Bush sees positives for U.S. in Egypt, Arab Spring
Former president sees widespread protests as 'good thing'
When the dust settles from the protests in Egypt and other Arab nations, the resulting political balance will be favorable to the United States, former President George W. Bush predicts.
"I think (it's) a good thing," he said in an interview with ABC News broadcast Sunday, speaking broadly about the Arab Spring, the string of protests in the Middle East and North Africa stretching back more than two years.
When in office, Bush supported reform, democracy and greater freedoms in the region. He cited those principles as important for building new governments in Afghanistan and Iraq, and in a November 2003 speech in Washington, he pointed to Egypt as a country which showed potential for such change.
"The great and proud nation of Egypt has shown the way toward peace in the Middle East, and now should show the way toward democracy in the Middle East," he said. "Champions of democracy in the region understand that democracy is not perfect, it is not the path to utopia, but it's the only path to national success and dignity."
Nearly 10 years later, on Sunday supporters of the recently deposed Egyptian president continued their demonstrations against what they saw as a military coup, while supporters of the new government also rallied and awaited the naming of a new prime minister.
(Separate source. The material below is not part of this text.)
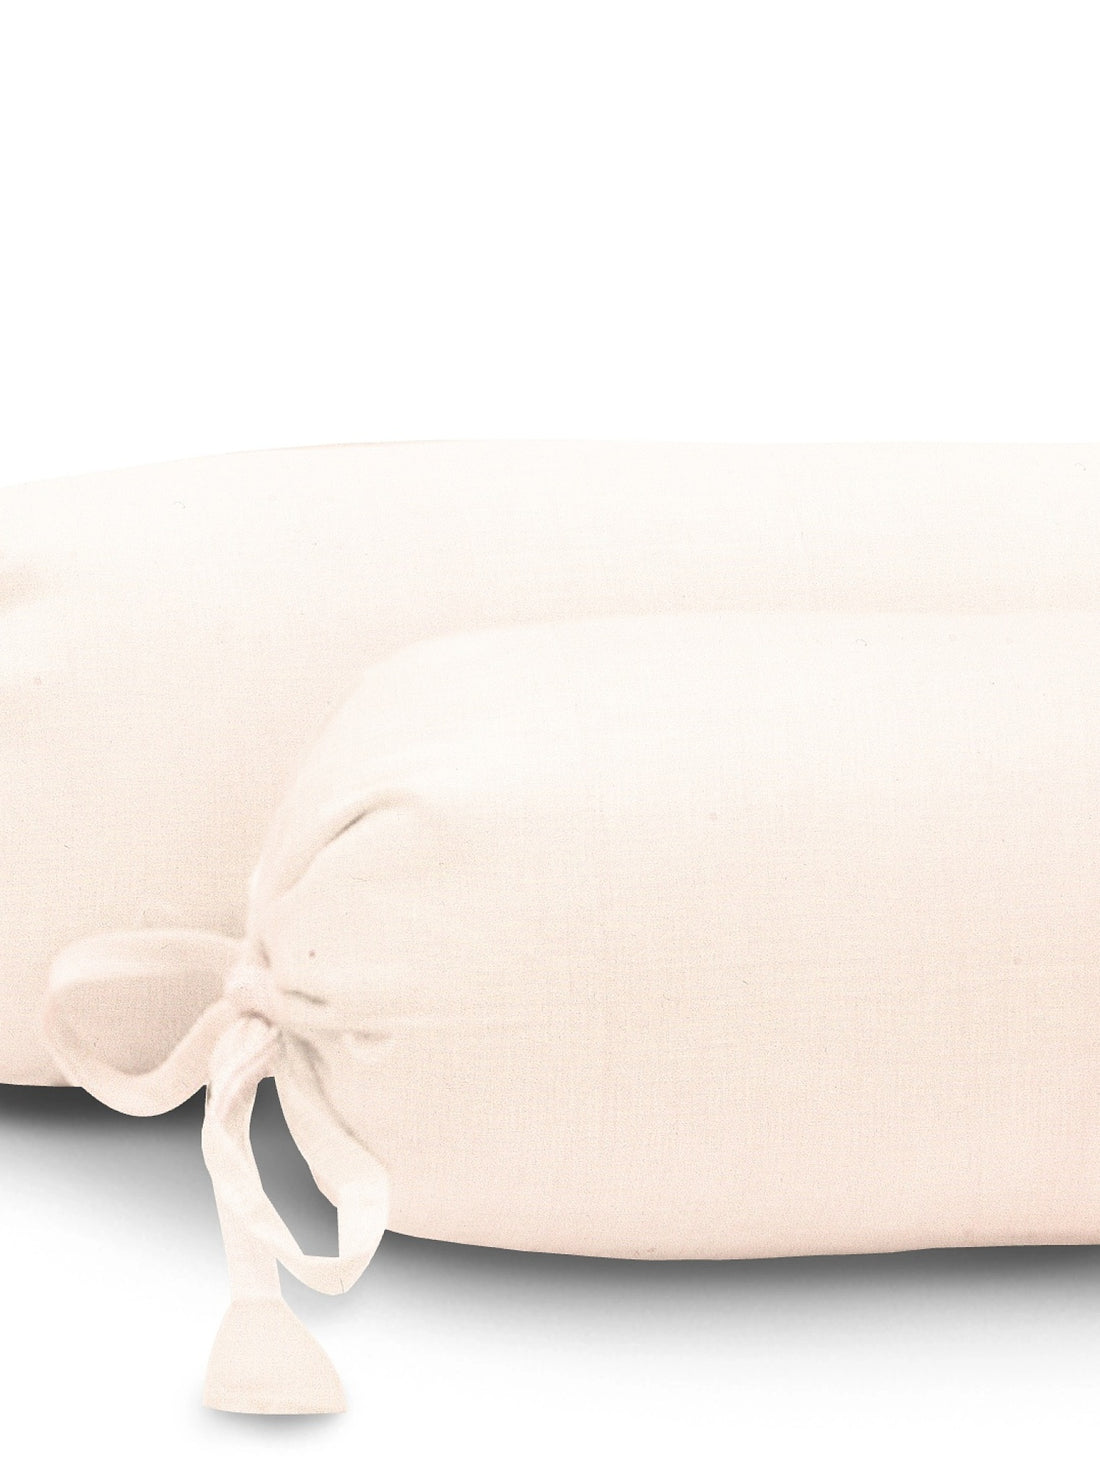 ‘Neutral Pink’ Organic Baby Bolster Cover

Millions of people turned out to demonstrations last week as the Egyptian military ousted the country's first democratically elected government but promised a roadmap to a new democratic government.
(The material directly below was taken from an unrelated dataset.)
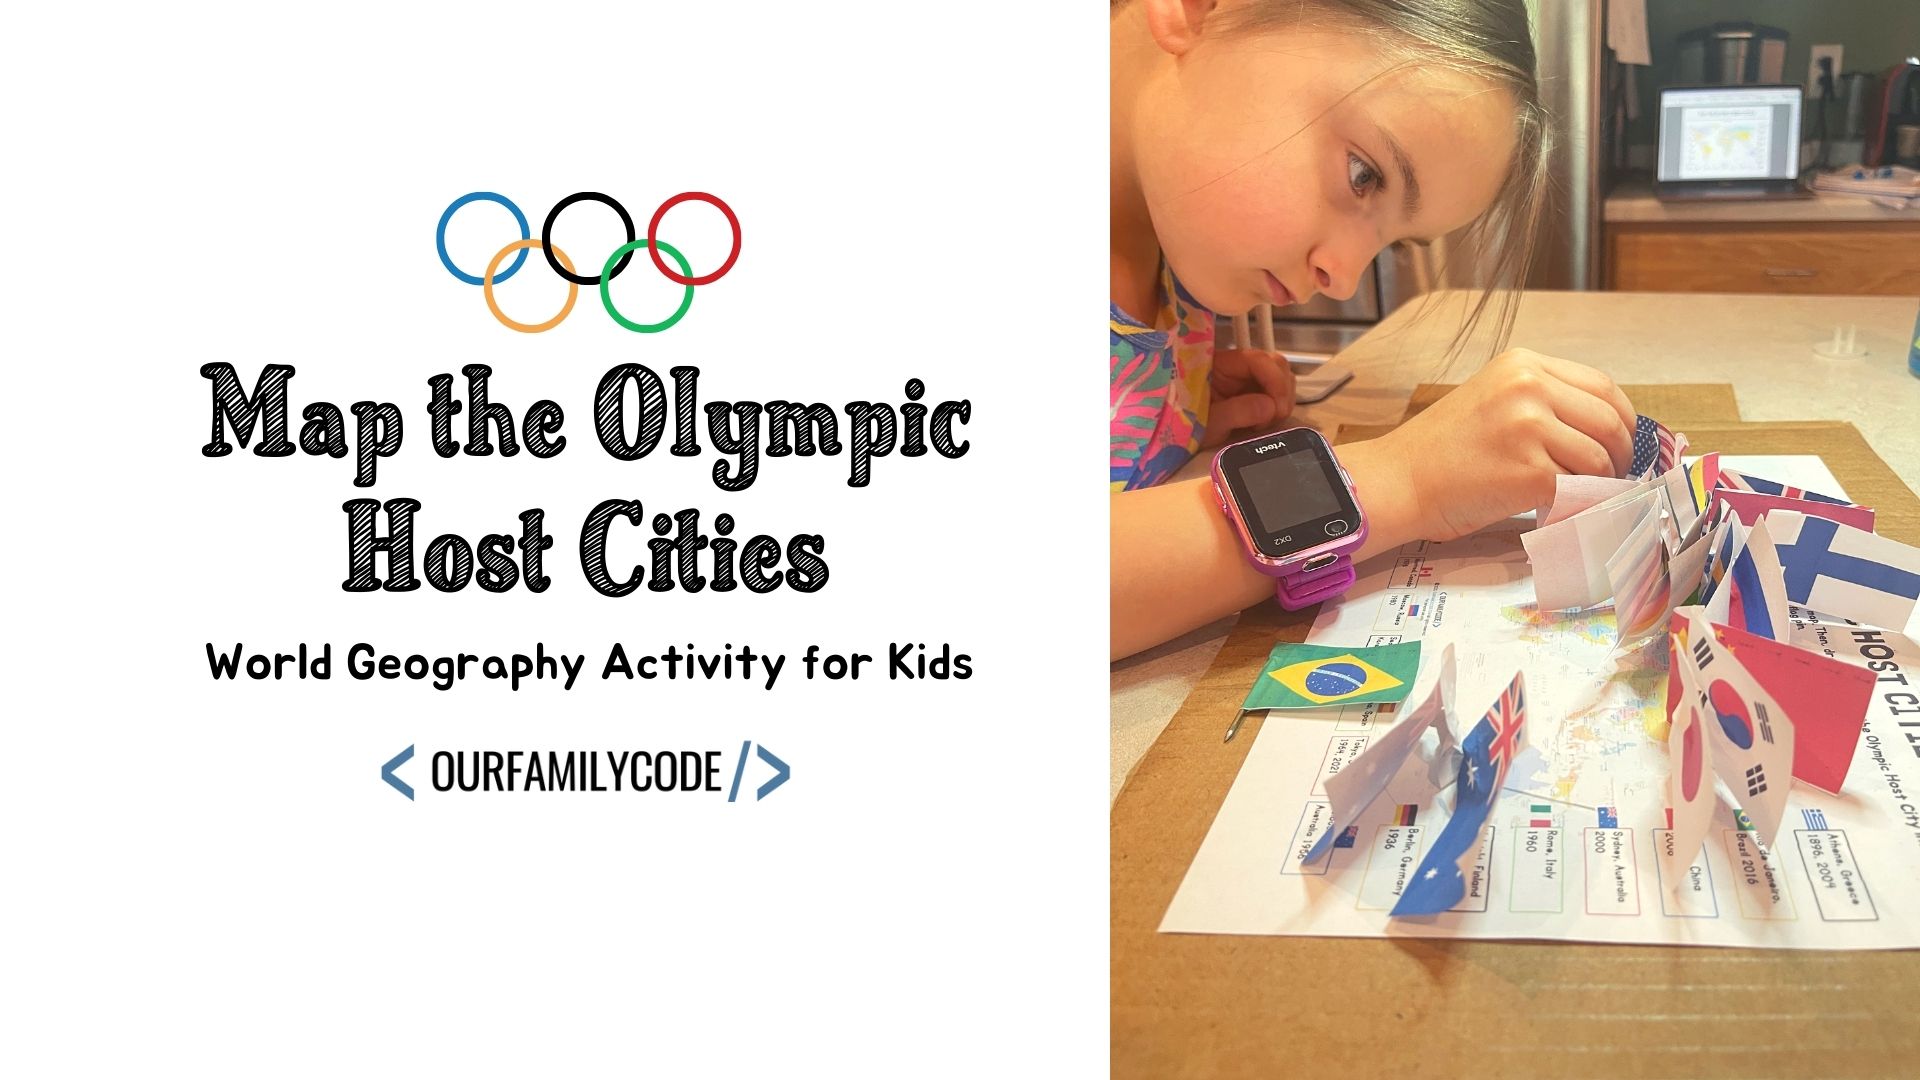 bh fb map the olympic host cities world geography activity for kids This world geography activity challenges kids to use technology to map the Olympic host cities since the Summer Olympics started in 1896.

Dozens were killed and over 1,000 were wounded in clashes on Saturday alone.
Bush addressed the violence and uncertainty in the region in the ABC interview, which was recorded while he was in Tanzania.
"Sure, it is tumultuous," Bush said. "But it's a good thing in that people are demanding their rightful place. And they overthrew a corrupt regime in Tunisia. They were unhappy with leadership that wouldn't listen to them in Egypt."
Former President Jimmy Carter, meanwhile, said on Sunday the "military made a terrible mistake" in ousting Morsy, who won last year in an "honest and fair" election. He attributed the shortcomings of the Morsy government that motivated the protests as remnants from the regime of predecessor Hosni Mubarak.
He and representatives from his center observed several of last year's elections and gave them a generally favorable review, despite noting inconsistencies, irregularities and restrictions. Carter pledged to send delegates to future elections there if he could not attend himself.
Bush said, is going through "an evolution" because new democratic governments "take a while to take root."